Friday, August 7, 2009

Bad Days

So, we went on for the ultrasound at 18 weeks- Wed. Aug 5th. The tech looked at the baby, and could find no heart beat. Dave and I were devastated. Losing the baby LAST August, we figured only bad luck once, but I guess not. Dr. Lunt came in and talked to us about the options. I could wait for the baby to come on his own- yep- it was a boy! Or, be induced and deliver the baby. We went in that night to Labor and delivery and got medicine every 4 hours. It was really hard going through the motions of labor knowing that I wasn't getting anything at the end. Not too much pain until about 7 AM. I started having hard contractions right on top of eachother, then I could tell it was ready. The Dr. and nurse came in and delivered our little boy, Holden. He was 6 1/4 inches and 2 oz. 10 fingers and 10 toes attached to some really long, skinny legs! 2 little ears, but you could tell he obviously wasn't ready. Dr. Lunt figured he had died about 2 weeks ago, at 16 weeks from what- we don't know. He said he didn't see anything wrong with him. They did send the placenta off for chromosomal testing, and did a bunch of blood work on me to try to find a reason why I have had 2 miscarriages in 1 year and 3 other normal, healthy pregnancies.
Dave and I got to hold him and be with him for a little while, then I got taken to the OR for a D&C since the placenta didn't come out, and it was abnormally thick.

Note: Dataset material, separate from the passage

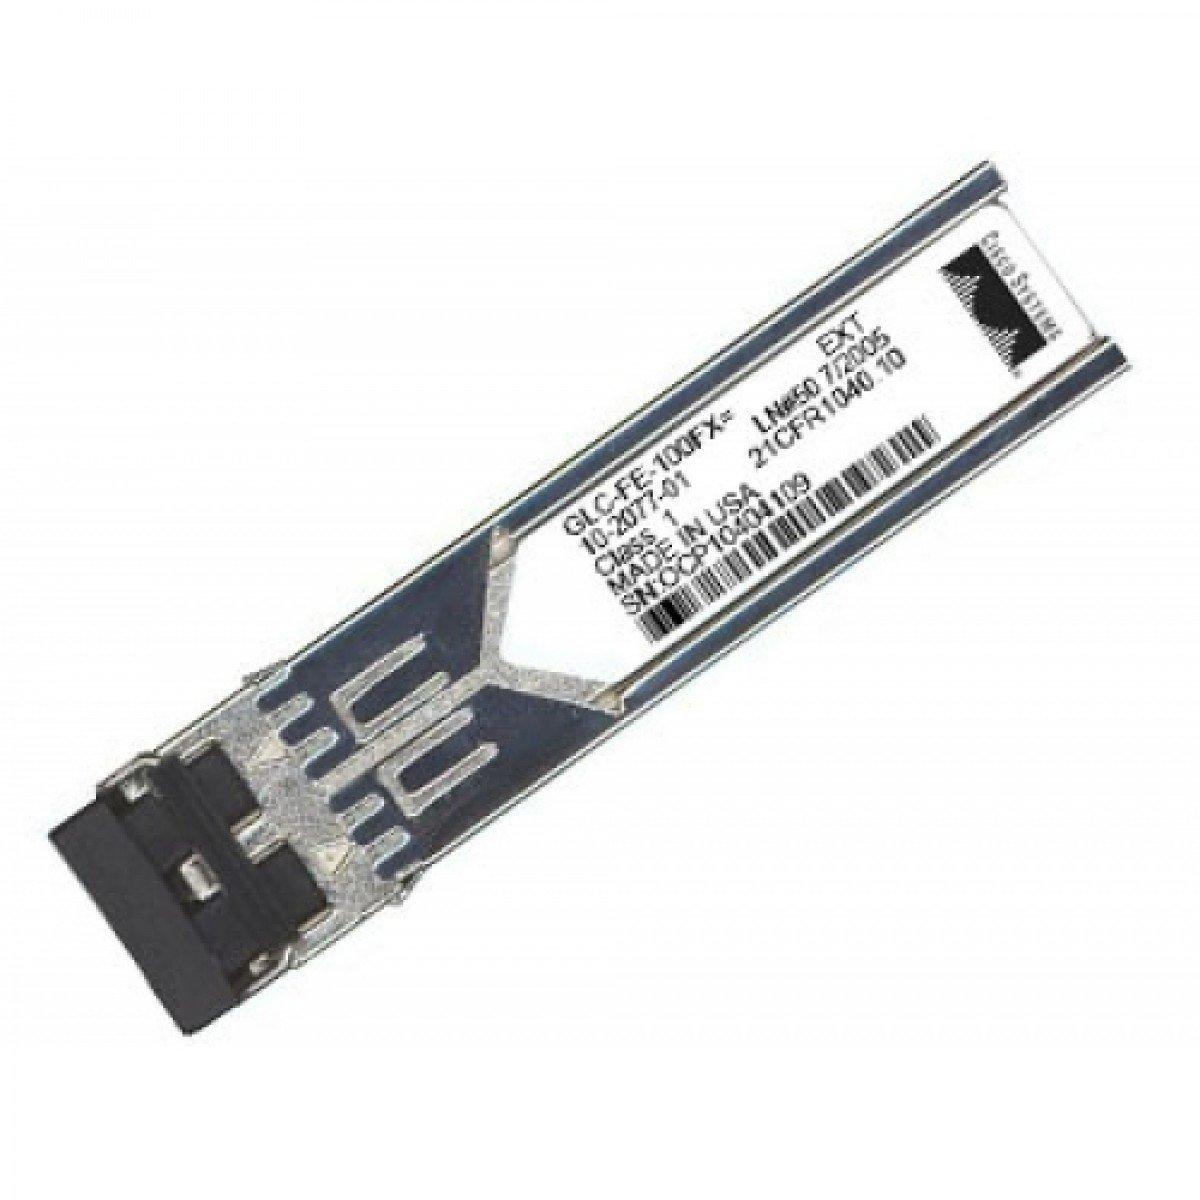 CISCO GLC-FE-100FX= S 414 100BASE-FX SFP for FE port Buy GLC-FE-100FX IT Cisco 100BASE-FX SFP Transceiver Module GLC-FE-100FX= S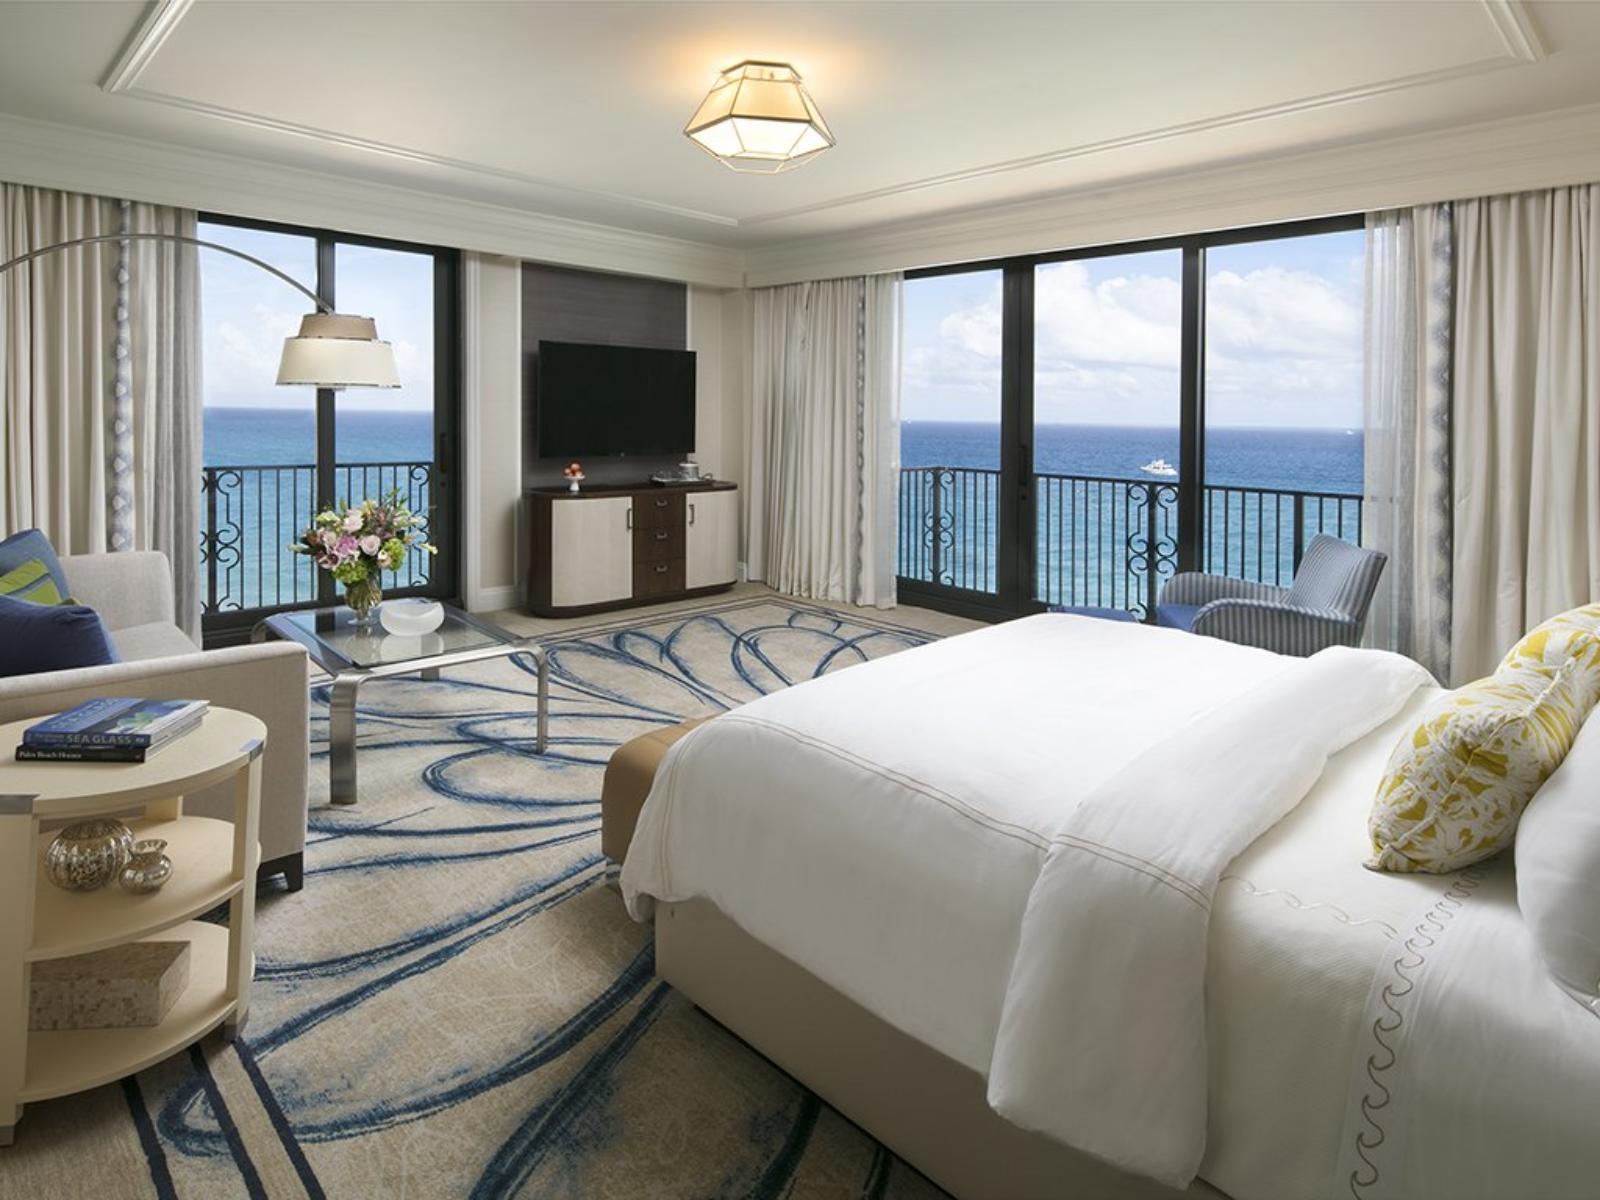 Elegant King Room with Ocean Views

We got home yesterday, and of course it has been an exhausting couple days. Thanks to everyone who has helped with the girls, meals and treats brought over, cards, flowers, phone calls, and just being there to listen to us cry. We love you all so much. We may not ever know why this happened, I guess you just have to have faith that it will all make sense some day, and I have 2 babies waiting for me, so I better be good! I am glad we did everything we did. Considering the circumstances, it couldn't have gone better.

1 comment:

  1. TO DAVE AND ALLY;

    I CAN'T COMPREHEND JUST HOW SAD YOU MUST FEEL
    FOR THE LOSS OF SOMEONE YOU LOVE
    THIS SORROWFUL TIME MUST STILL FEEL UNREAL
    AND YOU'RE LOOKING FOR STRENGTH FROM ABOVE

    I HOPE, FROM MY HEART, THAT YOUR PAIN WILL DECREASE THAT YOUR SPIRIT WILL GAIN STRENGTH AGAIN,
    AND I PRAY THAT YOUR FAITH WILL CREATE INNER PEACE AND THAT GOD WILL SEND BLESSINGS--AMEN

    TILL THEN, IF YOU NEED ME TO LIGHTEN YOUR LOAD, I'M WAITING TO COME TO YOUR AID. JUST CALL ON ME, AND I'LL WALK DOWN THAT ROAD, UNTIL THE DARK TIMES START TO FADE.